Поэтому приступать к изложению протоиндийского материала, посвящённого богам, невозможно без уяснения того, какой смысл мы вкладываем в понятие «бог» и в понятие «миф».
По предыдущим страницам читатель уже понял, что изложить некое единое, всеохватывающее и всеми разделяемое определение термина «бог», утверждённое всеми высокими авторитетами, я не смогу. Поэтому ограничусь здесь двумя замечаниями, существенно важными для дальнейшего изложения.
В описаниях дорелигиозной эпохи в архаическом, доклассовом обществе термином «бог какого-либо явления» обозначается зачастую само это явление: богом грома называется гром, богом разлива — разлив и т. д. Боги проявляются как высшие потенции природы, стихийные, вещественные, несвободные, как абстрагированное соответствие всем тем силам, с которыми сталкивается человек, — и злым, и добрым, и высоким, и низким. С развитием и становлением цивилизации, т. е. с установлением классового общества, понятие «бог», отражая основополагающую идею религиозных систем, приобретает качественно иную семантику. В политеистических религиях древнего мира боги воспринимаются как проявление самодовлеющей природы космоса, его магической эманации, спонтанной, но в то же время подвластной космическим закономерностям. Эти два значения термина и будут преобладающими в последующем изложении, причём нужно помнить, что старая семантика не вытеснила новую полностью, они мирно сосуществовали вместе долгое время.

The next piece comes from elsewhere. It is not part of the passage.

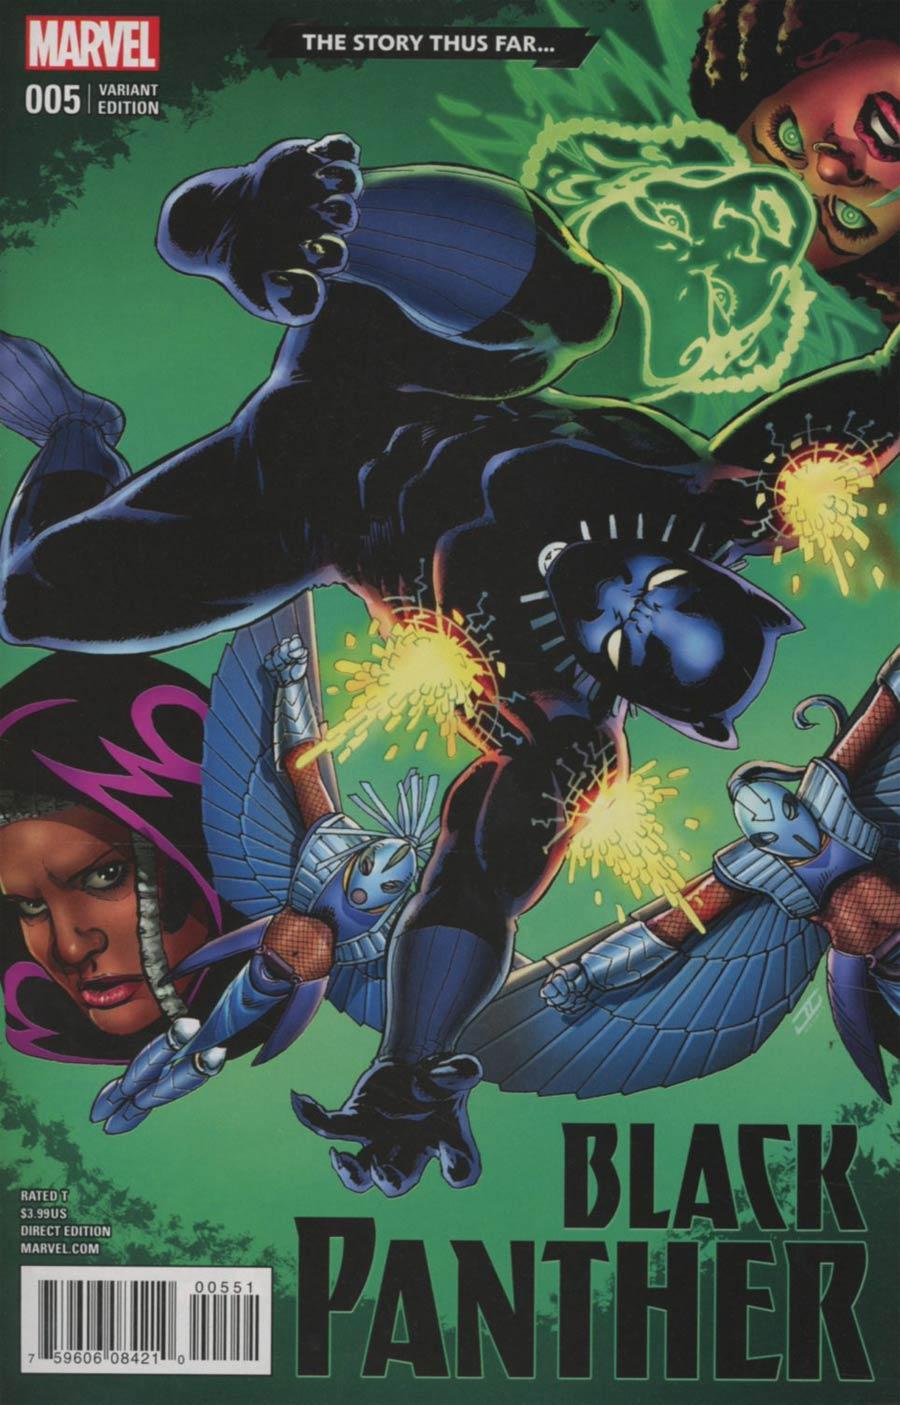 Black Panther Vol 6 #5 Cover E Variant John Cassaday Story Thus Far Cover

С мифом — и понятием, и термином — дело обстоит ничуть не проще, чем с «богом». История теорий мифа, начатая в Европе эллинистическими софистами, насчитывает не одно столетие своего то бурно-творческого, то застойно-бесплодного существования. Она пестрит разными интеллектуальными традициями и эмпирическими подходами, разными понятиями и теоретическими определениями, которые в разные времена удовлетворяли те или иные исторические потребности. Философия, этнография, антропология, фольклор, древняя история, история религии и психология, наконец, литературоведение — в исследовательское поле всех этих наук тем или иным образом втянут миф и каждая из наук даёт ему своё определение, причём оно может меняться не только вследствие различных научных методов, но и в зависимости от различных социальных и исторических предпосылок. В начале 50-х гг. американский учёный У. У. Дуглас в своей работе о значении термина «миф» в современной литературной критике отмечал, что у него столько же значений, сколько существует учёных, его применяющих [63, с. 232]. Специальные работы по другим отраслям знаний часто обходятся без определений мифа или с плохо скрываемым европоцентристским высокомерием отмечают, чего в мифах нет, не отказывая
Едва ли самим индийцам понятнее, чем нам, происхождение их мифологии. Хотя они и живут в однородном культурном иоле, это не означает преимуществ в познании. Ведь и грекам происхождение их мифологии не было понятнее, чем нам, хотя они были ближе к её истокам. Во времена Платона делались попытки толкований мифологических преданий, и об этом говорит Сократ Федру: для таких толкований, чтобы провести их во всём последовательно, потребен муж мучительного трудолюбия, счастью которого не позавидуешь [31, с. 162].
Что же касается современных попыток интерпретировать миф с тех или иных позиций (психологических, социологических, астрономических), то их оценка в своё время была дана К. Леви-Строссом. Он предельно лаконично обозначил два полюса, к которым обычно сводятся все предлагаемые интерпретации: «С какой бы точки зрения мифы не рассматривались, их всегда сводят или к беспочвенной игре воображения или к примитивной форме философских спекуляций» [17, с. 184]. Что же касается обыденного сознания, то для него миф чаще всего обозначает выдумку, вымысел, нелепицу, то, чего не бывает.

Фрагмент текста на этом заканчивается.